I’m very pleased to note University of Oxford’s recent announcement of thier successful transition to Sakai as their primary, campus-wide virtual learning environment (LMS, CMS, CLE).  Here’s an excerpt from Adam Marshall’s post to the Sakai lists:

We’re using most of the core tools plus Mneme, Evaluations, Tutorial Sign-up, Search and Site Stats. We’ve also integrated tightly with our LDAP, developed a hierarchy service to allow us to arrange sites in a tree structure and using this, introduced devolved administration via the concept of Administrations Sites (admin site members are able to create new sites within any site where they are a maintainer), we’ve also made it easy to assign the .anon and .auth roles to any site to encourage Open Content. We’ve also developed a hierarchy of Guidance sites with lots of documentation and exemplars, visit weblearn.ox.ac.uk/info.

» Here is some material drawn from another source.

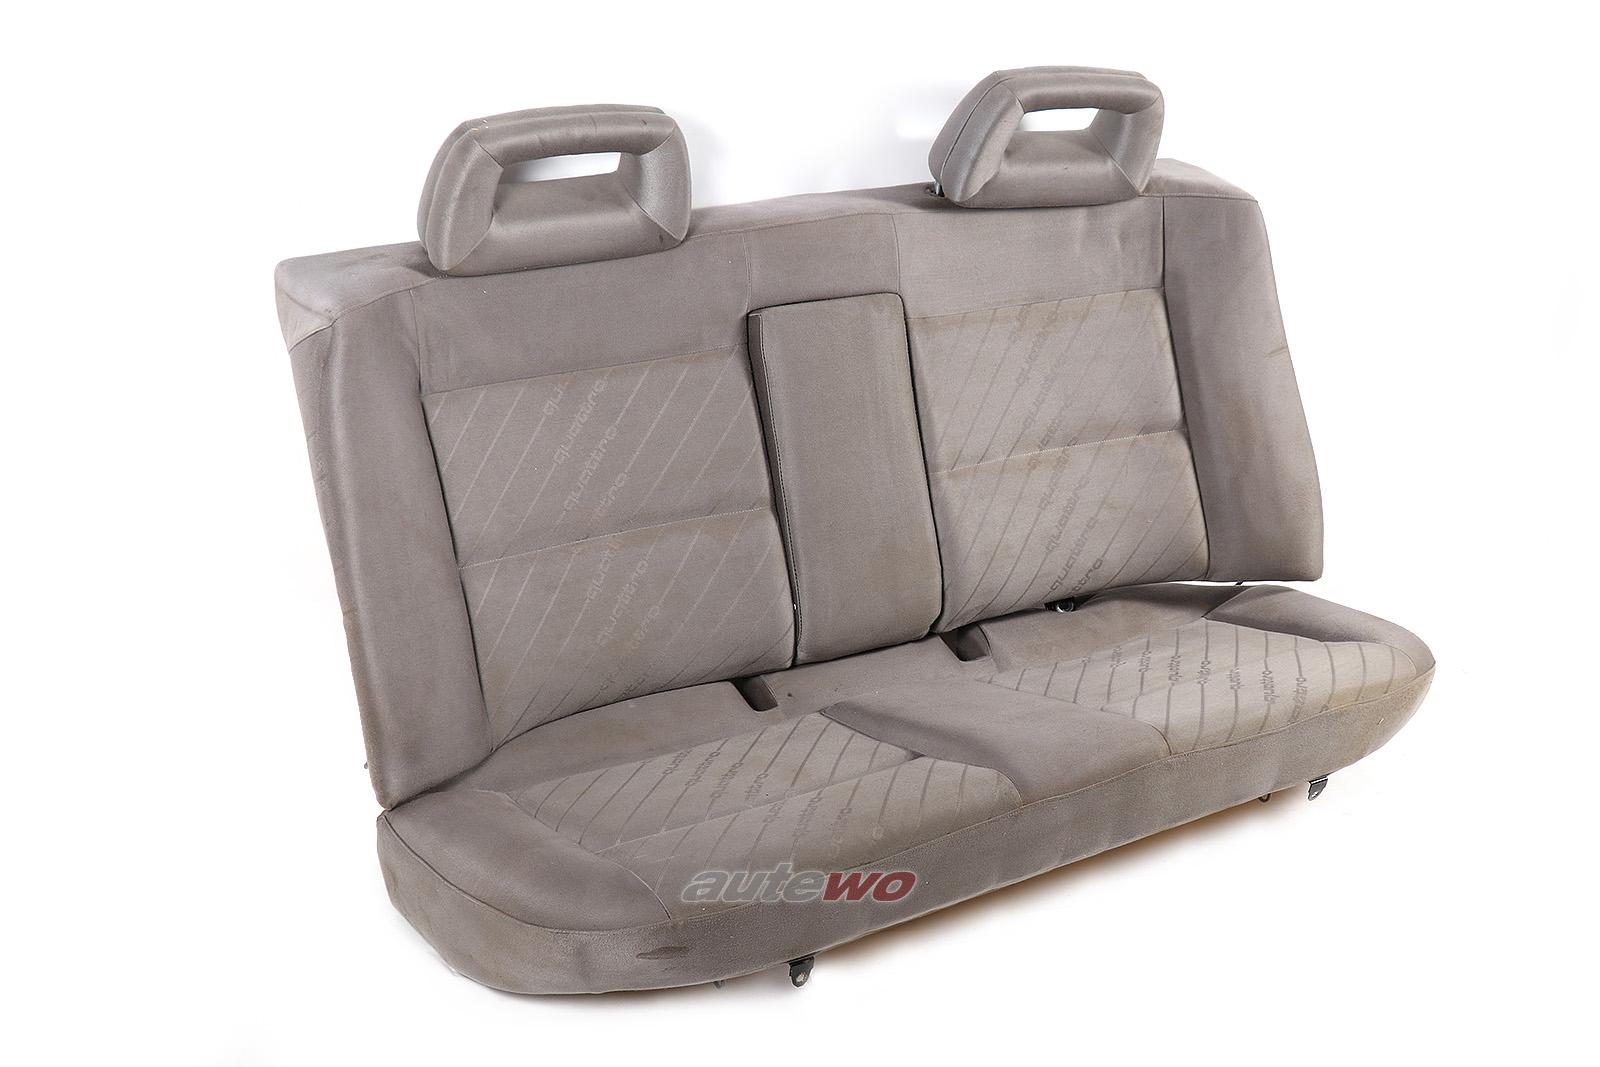 Audi 100/S4 C4 Limousine Rücksitzbank Quattro-Satin platin Sitzheizung hinten

We ran a very successful pilot last year and attracted a large number of early adopters from over 60 separate departments. These early adopters have created over 700 separate sites which have been accessed by over 4500 users. The pilot has generated very positive feedback and we’re looking forward to all our users (30,000) moving their focus from the old Bodington-based service into nice shiny new Sakai!

A big congratulations to the team at Oxford!

On a side note, this also means that 4 of the top 10 universities in the world are using Sakai as their primary learning management system (Oxford, Stanford, Berkeley and Cambridge). Yale (#11 in the rankings) also uses Sakai and Columbia (#7) has been running a  Sakai pilot and we have, of course, high hopes that they will adopt Sakai as their primary system as well.

Not that Sakai is only for major research universities–a wide variety of educational institutions, including community colleges, small liberal arts colleges, large distance learning institutions, K-12 school districts and even small continuing education programs are using Sakai very successfully. You can see a list of many known installations on the Sakai website (not everyone tells us they’re running Sakai).